Task brief
All of the data should be copied exactly, with the pictures left out.

Given information

*** Block opens ***

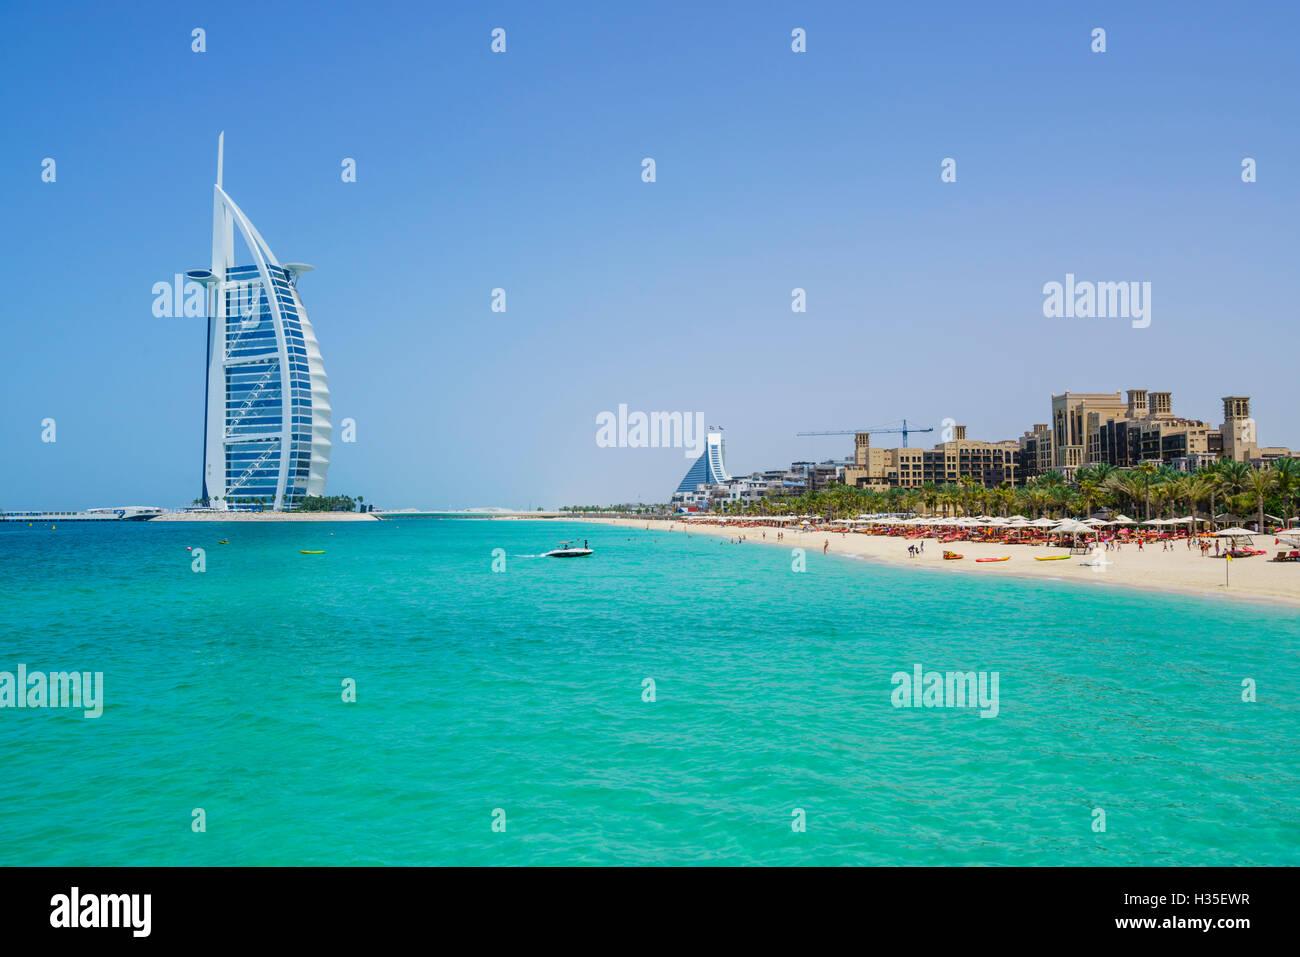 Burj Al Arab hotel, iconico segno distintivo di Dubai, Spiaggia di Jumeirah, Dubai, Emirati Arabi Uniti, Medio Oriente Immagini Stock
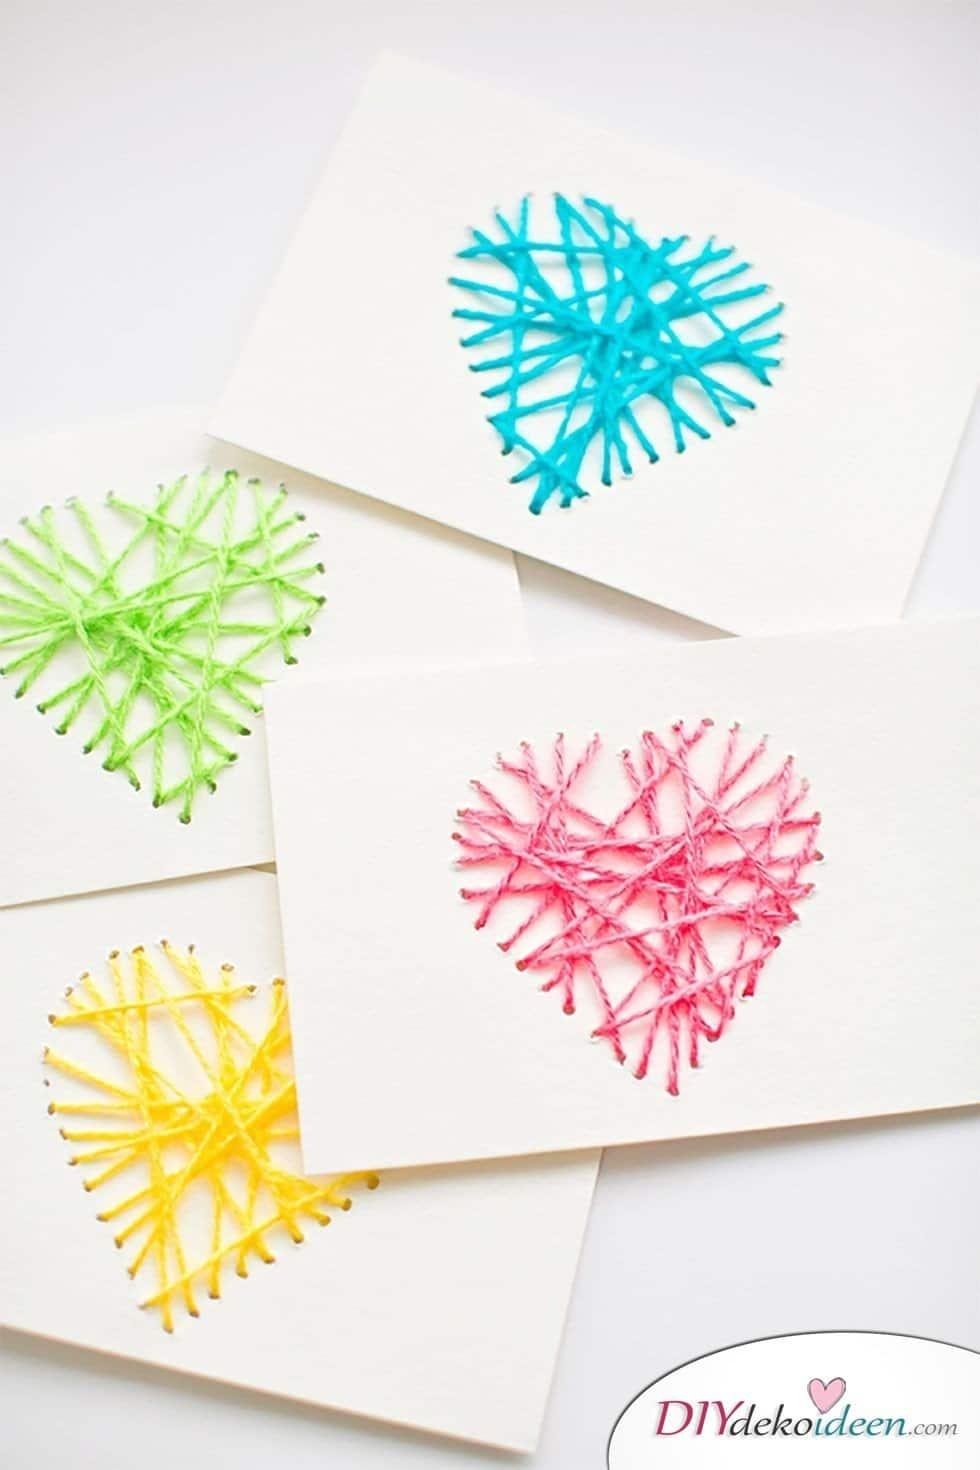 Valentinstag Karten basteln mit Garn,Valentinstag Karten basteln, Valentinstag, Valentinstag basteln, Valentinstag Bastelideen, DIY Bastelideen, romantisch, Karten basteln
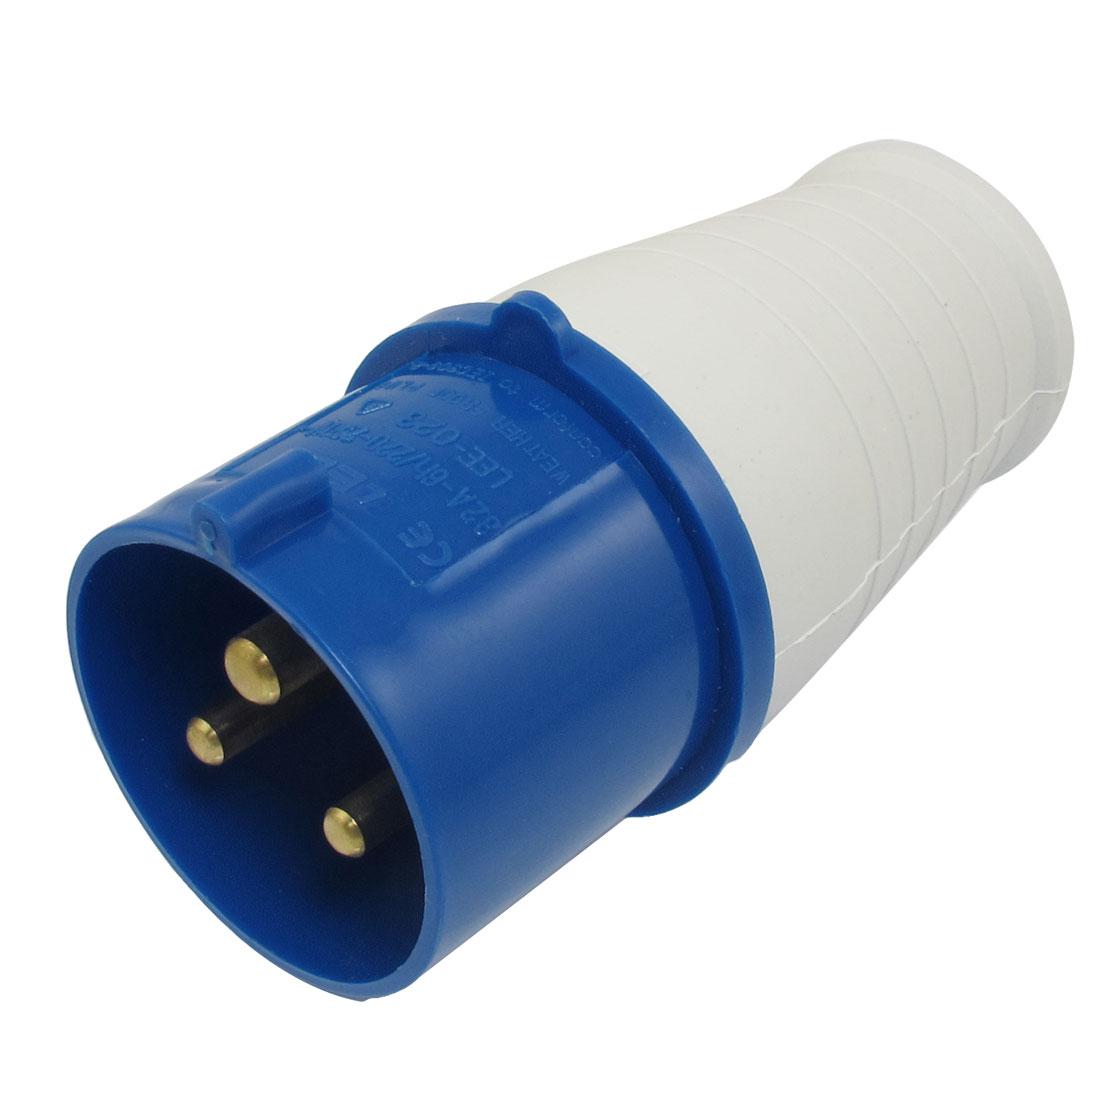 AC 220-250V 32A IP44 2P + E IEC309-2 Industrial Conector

*** Block closes ***

Answer to this problem
 Burj Al Arab hotel, iconico segno distintivo di Dubai, Spiaggia di Jumeirah, Dubai, Emirati Arabi Uniti, Medio Oriente Immagini Stock
 Valentinstag Karten basteln mit Garn,Valentinstag Karten basteln, Valentinstag, Valentinstag basteln, Valentinstag Bastelideen, DIY Bastelideen, romantisch, Karten basteln
 AC 220-250V 32A IP44 2P + E IEC309-2 Industrial Conector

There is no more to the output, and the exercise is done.